The Syriza government of Greece has concluded a deal with the European Union, five days after a referendum in the country overwhelmingly voted to reject the terms of the last deal demanded by the financial powers. The new deal — which the EU had said would not be made — enacts the substantial will of the people, pushing the emphasis for increased revenue onto tax gathering, rather than cuts to services, especially pensions. However, there is some phasing out of certain pension payments and a raise of the retirement age. The deal also includes a haircut for the creditors, though this will be disguised by extension of yield terms and changes to debt-servicing conditions — to allow northern politicians to conceal it from their voters.

The deal represents a victory for Syriza, though it won’t be portrayed that way by either the right, lazy financial journalists, or sections of the further left. Syriza was faced with a dual challenge: to end the ideological austerity war being waged on the Greek economy, which was pushing it deeper into depression, and to lessen the burden on the poor, with starvation and lack of medical care cutting a swathe through Greek life. The Syriza centre never wanted to leave the eurozone, nor did the majority of the Greek people, so their room to manoeuvre was strictly limited.

The reporting of the deal as a “tough new austerity deal” is bewildering, parrot financial journo groupsquawk, which appears to lump in tax increases with service cuts as all being austerity. The new deal keeps budget surpluses at 1%, 2% and 3% for the next three years — down from the EU’s initial demands, which started at 3% and went to 4.5%. Other measures are increases in VAT on luxury and non-staple items to 23%, a special luxury tax on other selected items, increased tax on shipping companies, and a raise of the corporate tax rate. The one major austerity is a phasing out of the “ekas” pension supplement payment — simply a part of the pension paid as a year-end lump sum — which will be gone by 2019. Some austerity. In return for this, Greece gets 54 billion euros in debt relief. It’s a measure of how ideological the demands on Greece are that the corporate tax rate is lower than Syriza wanted to make it — 28% instead of 29%. What Prime Minister Alexis Tsipras’ government has been fighting all along is the demand that the EU be able to dictate the minutiae of Greek economic reform, emphasising spending cuts, which are, in turn, deflating the economy.

The making of the deal has ended the blackmail being practised this week by the European Central Bank in denying liquidity to the Greek central bank, with the tap turned back on — until Sunday, when all representatives of all 28 EU heads of government will meet to ratify the deal. This will, as always, come down to a German lead. Any deal with any debt forgiveness faces challenges from small nations with new right-wing governments such as Slovakia and Finland, but they should be brought into line by Germany.

Should the deal not be ratified, liquidity will cease once more — with cash reserves exhausted — and the country will be plunged deeper into crisis. At that point emergency food and medical aid will need to be supplied, and some form of IOU/parallel currency system introduced for civil service payments, pensions and benefits and the like. The EU would return to the old deal that Greece rejected in the referendum, Greece would reject it, and then all bets are off. Tsipras and the Syriza centre might try a switcheroo — suing the EU in the European Court of Justice for illegally denying them ECB liquidity. Since there is no provision to throw someone out of the euro, they may be on solid legal ground — the strategy could be far from Pyrrhic, since it would allow for the legal cancellation of all Greek debt to the EU.

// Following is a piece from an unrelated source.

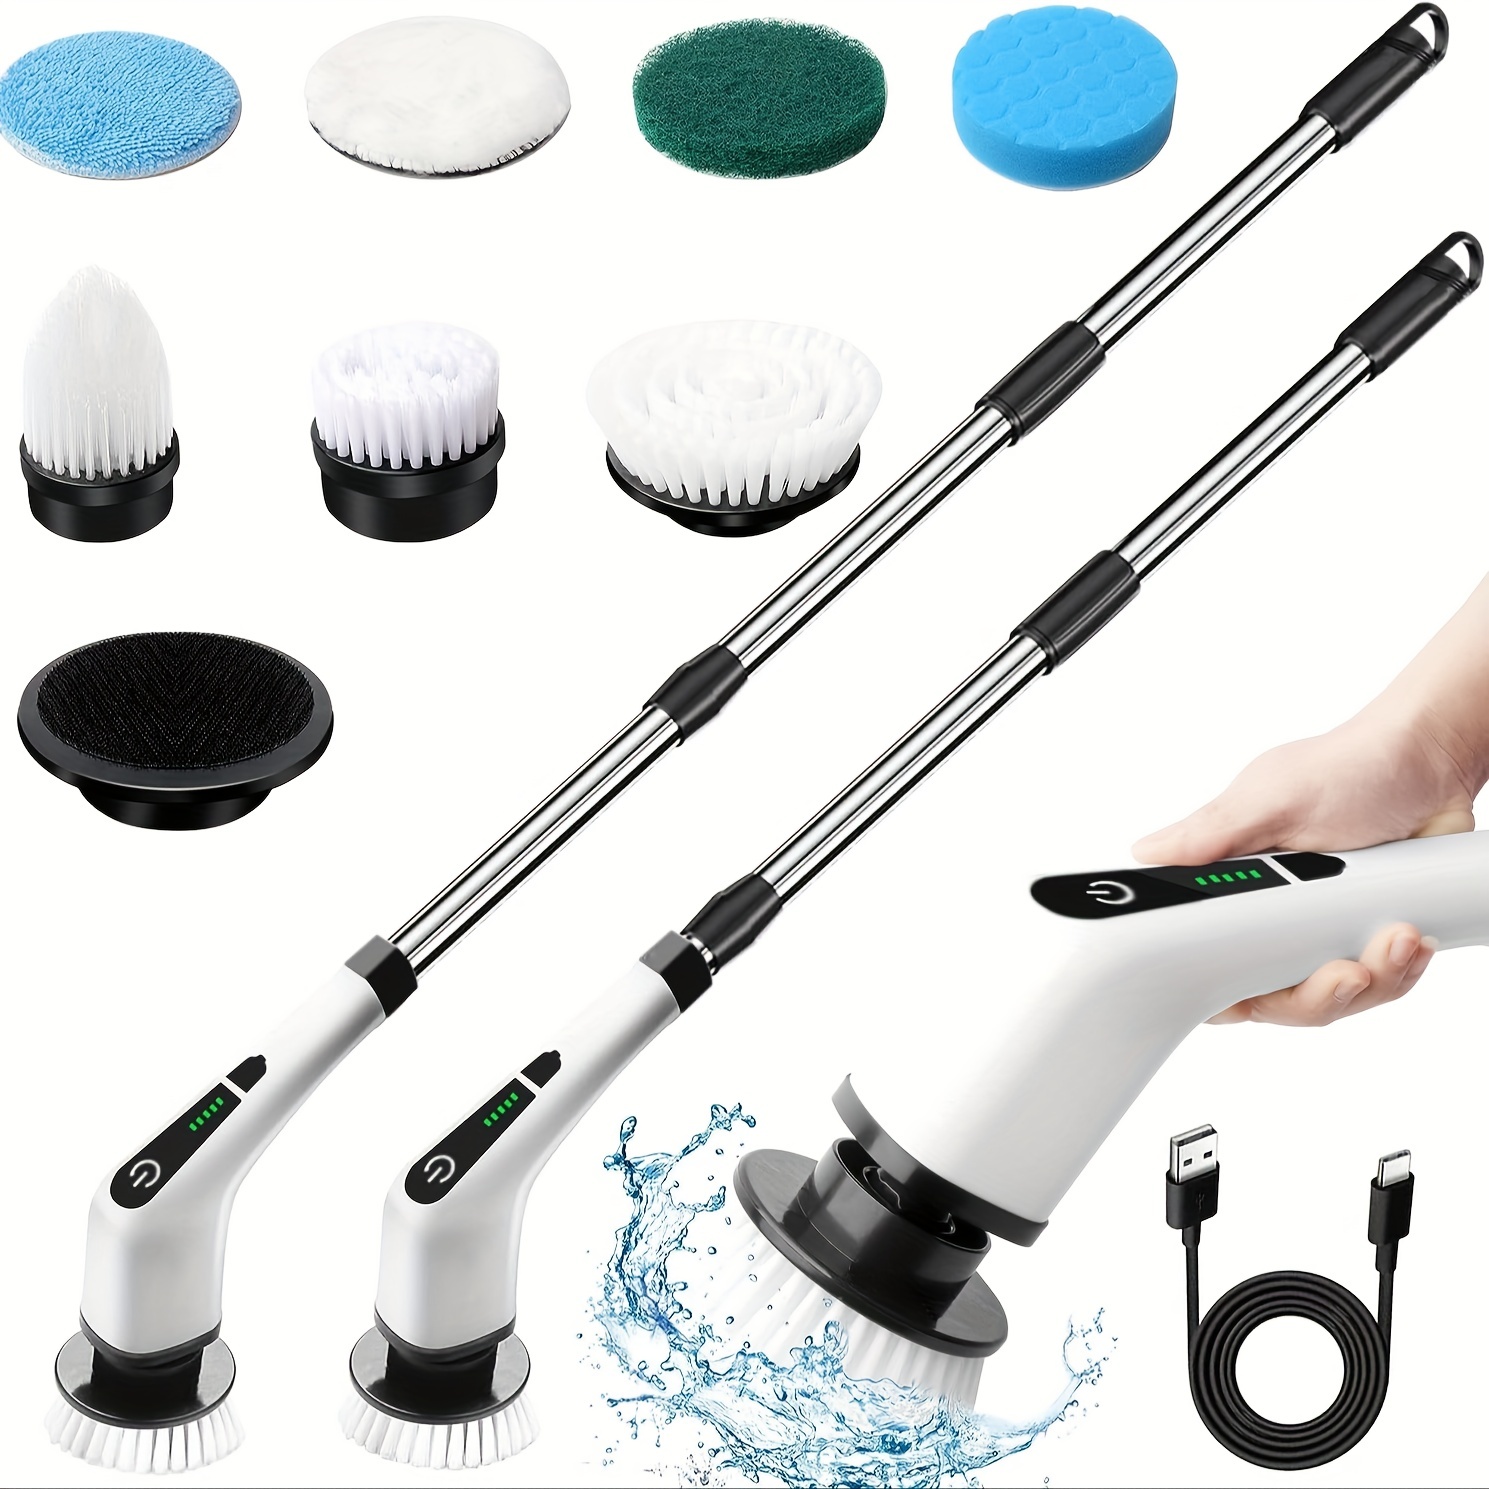 Flexible Cleaning Brush Bendable Scrubber Glass Wall Cleaning Cleaner For  Home Kitchen Bathroom Bathtub Tile Countertop And Floor Cleaning Tool

Alternatively, Tsipras and Syriza would resign, and let someone else try to accept and implement a deal. Or they could stay, and (with or without Tsipras as PM) de facto take Greece out of the eurozone with a fully parallel currency, while maintaining that it’s still in it. Or Greece could bite the bullet and perform the much-spoken of “Grexit”. Though many of its supporters, and an increasing number of Greeks are pushing for such, Syriza believes that they are not fully aware of how difficult such a move would be, and how much of a crisis it would prompt. Were they to leave the eurozone, and even the EU, nationalist politics of the ugliest sort would be given a boost, and a rationale. The winner might well be the neo-Nazi Golden Dawn Party.

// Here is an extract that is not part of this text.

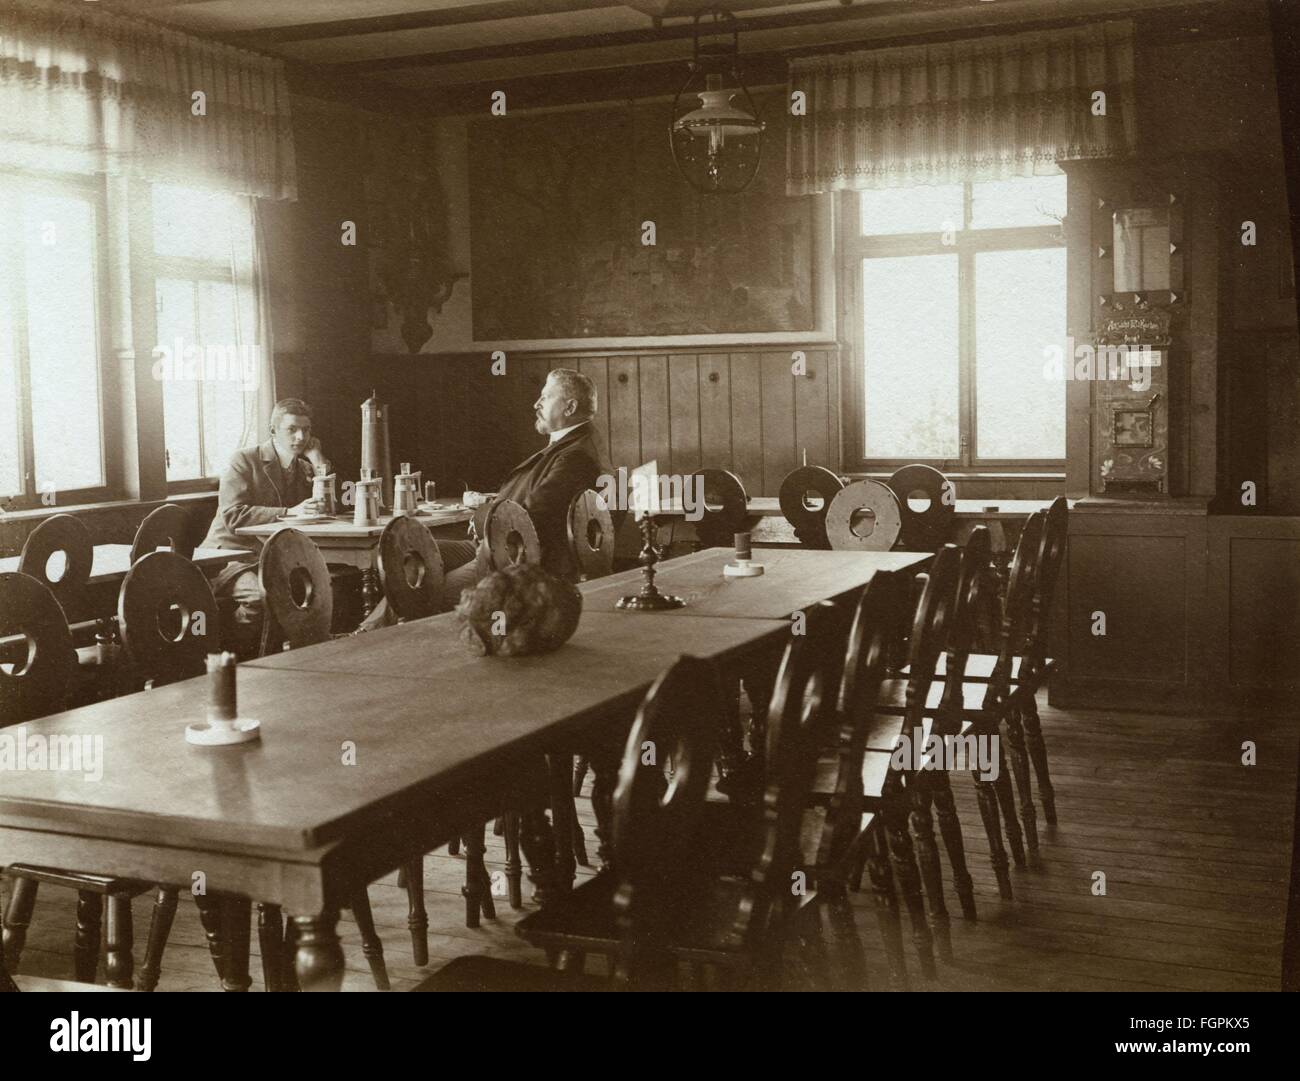 gastronomy, tavern, empty restaurant, only two guests drinking beer, Germany, circa 1911, Additional-Rights-Clearences-Not Available Stock Photo

Whether Greece should leave the eurozone and try to tough it out — immediately shaking off 100 billion euros debt in a stroke — is a purely political question. But Tsipras has got a far better deal out of the EU than anyone else has managed. Nevertheless, beatings will continue until morale improves. A 100% forgiveness of all Greeks debt would be about 20% of the debt forgiveness handed to the banks after the 2008 crash — so that the brave “free enterprise” economies could continue. The true function of the sadism applied to Greece is to enforce the idea that debt is something that applies absolutely to people, without negotiation. People in the West, bent double under unaffordable housing, student loans and usurious credit card interest rates, can then be encouraged to see themselves as good and dutiful debtors, compared to those “bad” debtors elsewhere. More than a touch of white skin/brown skin racism helps.

For if it were truly revealed how negotiable debt is, how imaginary much of it is, if that were done over there, what then over here?